STarting with your organic forms with contour lines, these are coming along pretty well. You have a bit of room for improvement in sticking to simple sausage forms, but it's clear that you've been trying to, and in most areas you're succeeding. Just a few minor areas where some sausages have ends of different sizes, or where the width doesn't remain consistent, that you have to work on.

Moving onto your actual insect constructions, your work here is largely very well done. You've done a great job of building up your constructions in successive stages, starting with simple forms and then wrapping more forms around them to achieve more complex detail like segmentation and such. Overall this has helped you maintain a strong sense of solidity across the whole structure, and a believable, tangible result.

I do have a few suggestions as you move forwards, but all in all I'm pleased with how you're progressing.

The first thing I want to recommend is that it can be a little easy to see the initial masses we construct - the head, thorax, abdomen - to be less a part of the final drawing as the rest of the forms we put down. This is because we can be a little hesitant, a little uncertain about whether they're going to look correct, and so sometimes they'll be drawn a little more faintly, or the relationships they hold with the forms that come later may be a touch more loose. For example, the flea on this page has those initial masses noticeably fainter, and on this wasp those initial masses, especially the head, appear to have slightly looser relationships with the forms that wrap around them.

Now, don't get me wrong - the extent to which it's a concern in your work is way lower than what I've seen in other students'. It's a very subtle impact, but it basically arises when we aren't entirely believing in the solidity of those forms when we first draw them. We become a little more inclined to see them as lines on the page, as something that we have control over, where we could ostensibly redraw them if they weren't entirely matching the reference, rather than a solid, established form that exists in the world. You can actually see what I mean in these very small examples on the wasp. On the head, there's a slight gap where you float a little away from the initial ball form, and on the abdomen there's a little spot where you cut back into the silhouette of the form. These are things that undermine the implied solidity of those forms, and it can undermine the construction as a whole.

To put it simply, once a form has been drawn, avoid modifying its silhouette at all. Always interact with it by dropping more forms on top of it. If you must cut back into something, there are ways to do it which you'll find explained here - but they're usually better suited to geometric objects rather than organic ones. When it comes to constructional drawing, there will be cases where in order to respect the solidity of the forms we're working with, we're forced to stray from our reference images - and that's totally fine.

Again, I'm going overboard in explaining this - the issues were very minor in your work, and for the most part you demonstrate a strong understanding of the solidity of your forms. Still, I felt it was worth mentioning.
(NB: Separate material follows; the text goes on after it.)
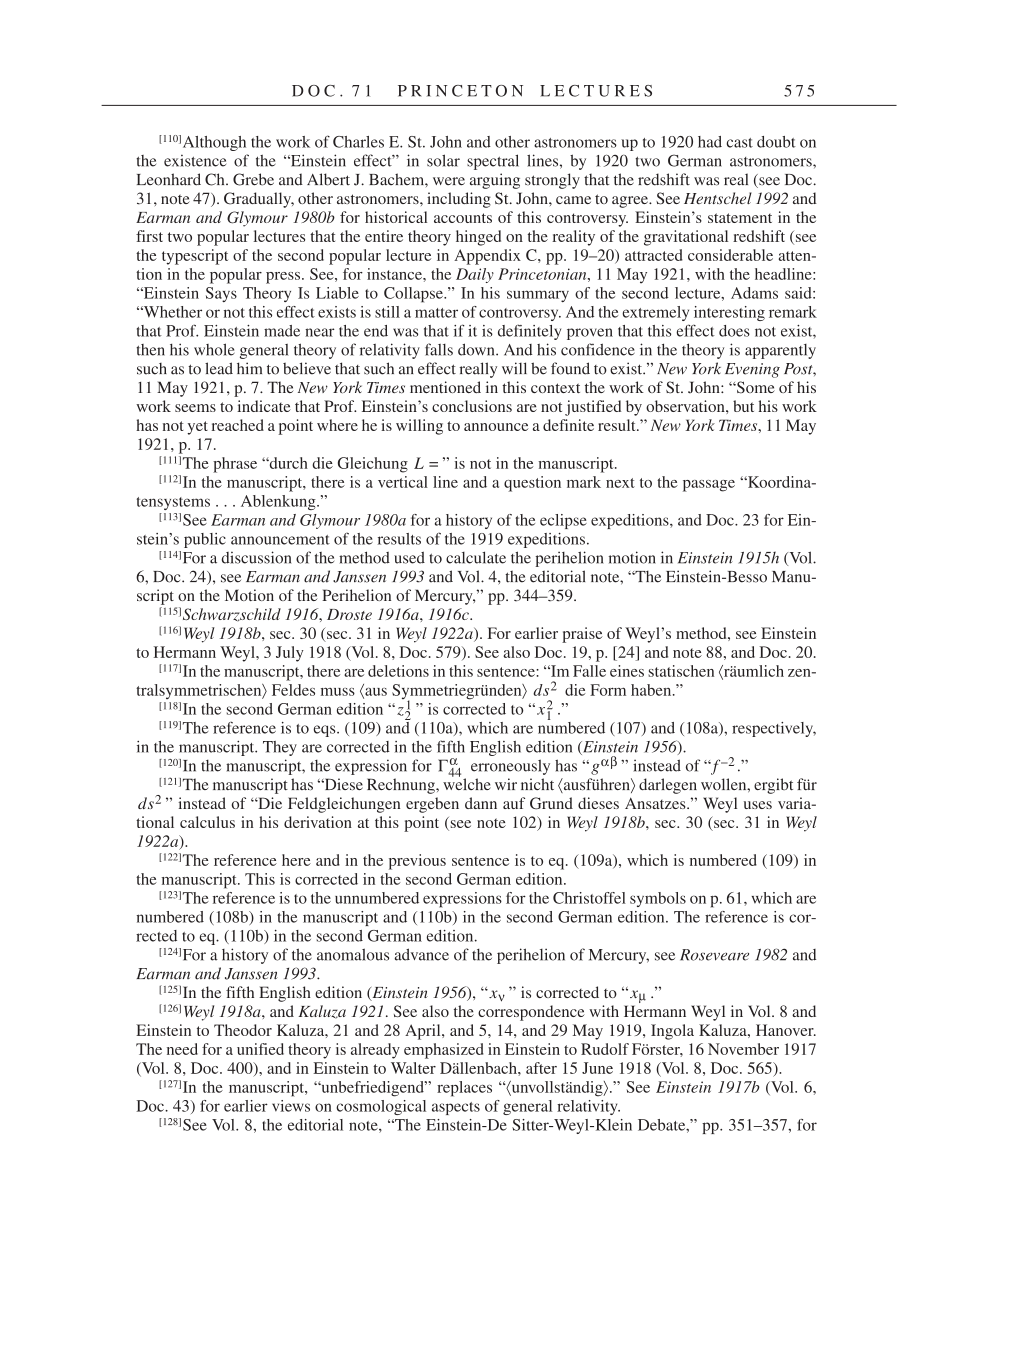 Volume 7: The Berlin Years: Writings, 1918-1921 page 575

Moving on, I did notice that you seem to have employed a few different strategies for capturing the legs of your insects. It's not uncommon for students to be aware of the sausage method as introduced here (and you clearly used the sausage method quite well throughout most of these), but to decide on occasion that the legs they're looking at don't actually seem to look like a chain of sausages, so they use some other strategy. The key to keep in mind here is that the sausage method is not about capturing the legs precisely as they are - it is about laying in a base structure or armature that captures both the solidity and the gestural flow of a limb in equal measure, where the majority of other techniques lean too far to one side, either looking solid and stiff or gestural but flat. Once in place, we can then build on top of this base structure with more additional forms as shown here, here, this ant leg, and even here in the context of a dog's leg (because this technique is still to be used throughout the next lesson as well). Just make sure you start out with the sausages, precisely as the steps are laid out in that diagram - don't throw the technique out just because it doesn't immediately look like what you're trying to construct.

The last thing I wanted to call out is a suuuper minor point, but it did catch my eye in regards to your dragonfly at the end. Because of the way the dragonfly is framed on the page, and because of how certain parts of the dragonfly itself is drawn in its thorax/head area, we're kind of made to believe that the viewer is aligned with the middle of the object, in terms of their point of view, as shown here, in the little example I doodled at the top. The contour curves of the abdomen's segmentation however suggest that the viewer is further back, as shown towards the bottom, though this isn't consistent enough with the other visual signs of the framing and the head/thorax, resulting in a visual contradiction. To put it simply, try and think about where the viewer is looking at your object from. This will help you maintain more consistent elements to your drawings.

Looking at the reference you linked, the curvature definitely is more in line with the way you drew it, although yours is a bit more exaggerated. As a result, the mistake would be more in the head/thorax area, where it should be a little more biased towards showing us the side and a little of the back of those forms, rather than just the side straight-on.

Anyway, again that was a pretty minor point that I decided to call out because the quality of the rest of your work was as good as it is. So, I'll go ahead and mark this lesson as complete.